暂无图片
暂无图片
暂无图片
暂无图片
暂无图片

【问题诊断】机房断电后Oracle数据库启动异常ORA-00600[kcratr_nab_less_than_odr]案例分享

618
本期将为大家分享”机房断电后Oracle数据库启动异常出现ORA-00600 错误”的案例。
关键字:机房断电、数据库无法启动、ORA-00600[kcratr_nab_less_than_odr]、ORA-01122、ORA-01110、ORA-01207、ORA-00338、ORA-00312、error 338

机房有时会因供电中断造成各种事故,服务器、存储设备和网络交换机等设备会直接断电关机。突然断电可能会导致数据库无法打开、数据文件坏块、控制文件损坏、日志文件损坏等等。下面将介绍下之前遇到的一个真实处理案例。数据库启动过程出现ORA-00600[kcratr_nab_less_than_odr],不能open数据库。错误信息如下所示。

1、接到故障反馈后,先了解故障情况和环境信息。数据库是11.2.0.1版本,未开启归档模式、数据库无备份、数据库未打补丁,Windows 7操作系统,4g低配置内存且过保的物理机。
    查看版本:opatch lsinventory
    查看日志状态:set linesize 1000
    col member for a70
    select * from v$log;
    select * from v$logfile;
    select a.member, a.group#, b.status
    from v$logfile a ,v$log b where a.group#=b.group# and b.status='CURRENT' ;

    2、查看当前在线重做日志信息。当前日志文件序号为2750。查看数据文件scn与控制文件scn号是一致的,值为68953003。

      select file#,to_char(checkpoint_change#),to_char(CHECKPOINT_TIME,'yyyy-mm-dd hh24:mi:ss') 
      from v$datafile;
      select file#,to_char(checkpoint_change#),to_char(CHECKPOINT_TIME,'yyyy-mm-dd hh24:mi:ss')
      from v$datafile_header;

      3、查看数据库alert日志,开库进行数据库一致性校验还原时,出现ORA-00600[kcratr_nab_less_than_odr]错误。
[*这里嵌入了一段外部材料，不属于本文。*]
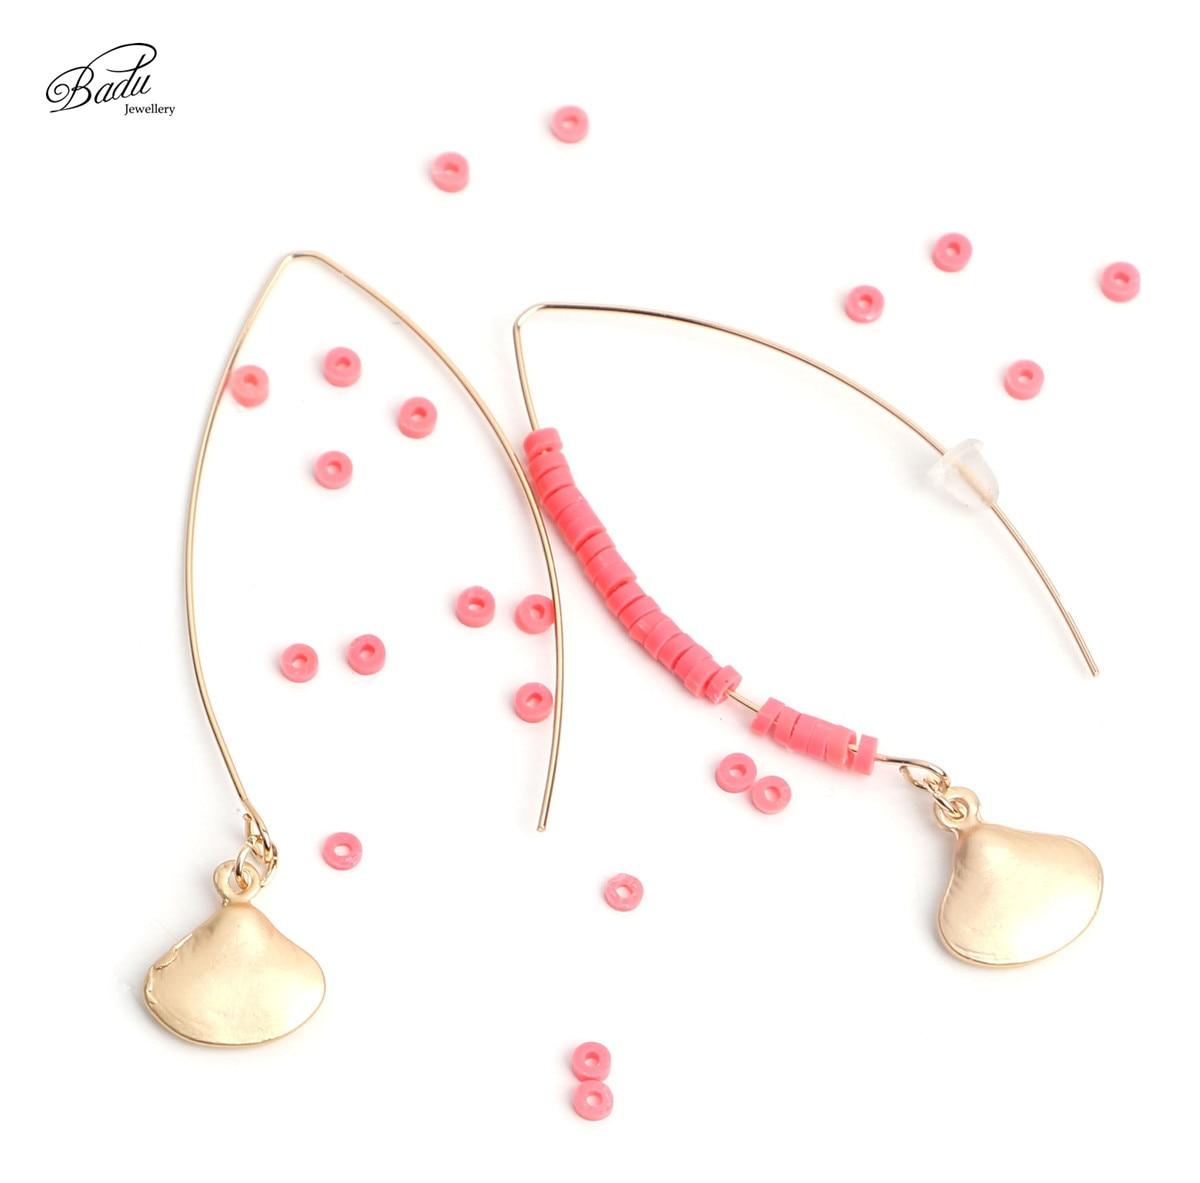 5b75fb58b79e Badu las mujeres pendientes de oro Vieira largo colgante de joyería de moda  rojo granos de arcilla vacaciones de verano pendientes elegantes para boda  en ...

        alter database open
        Beginning crash recovery of 1 threads
        parallel recovery started with 3 processes
        Started redo scan
        Completed redo scan
        read 958 KB redo, 401 data blocks need recovery
        Errors in file d:\app\administrator\diag\rdbms\orcl\orcl\trace\orcl_ora_5212.trc (incident=128562):
        ORA-00600: ??????, ??: [kcratr_nab_less_than_odr], [1], [2750], [46011], [46073], [], [], [], [], [], [], []
        Incident details in: d:\app\administrator\diag\rdbms\orcl\orcl\incident\incdir_128562\orcl_ora_5212_i128562.trc
        Aborting crash recovery due to error 600
        Errors in file d:\app\administrator\diag\rdbms\orcl\orcl\trace\orcl_ora_5212.trc:
        ORA-00600: ??????, ??: [kcratr_nab_less_than_odr], [1], [2750], [46011], [46073], [], [], [], [], [], [], []
        Errors in file d:\app\administrator\diag\rdbms\orcl\orcl\trace\orcl_ora_5212.trc:
        ORA-00600: ??????, ??: [kcratr_nab_less_than_odr], [1], [2750], [46011], [46073], [], [], [], [], [], [], []
        ORA-600 signalled during: alter database open...
        Trace dumping is performing id=[cdmp_20221102185258]
        Wed Nov 02 18:53:55 2022
        Sweep [inc][128562]: completed
        Sweep [inc2][128562]: completed
        Wed Nov 02 19:04:31 2022
        Shutting down instance (immediate)
        Shutting down instance: further logons disabled
        Stopping background process MMNL
        Stopping background process MMON

        4、进一步查看Incident details的跟踪文件。通过alert和trace中的信息可以知道,数据库恢复块数据是从日志序号2750的块号为44095开始到46073,但是实际只能恢复rba到46011,从而导致数据库无法正常open。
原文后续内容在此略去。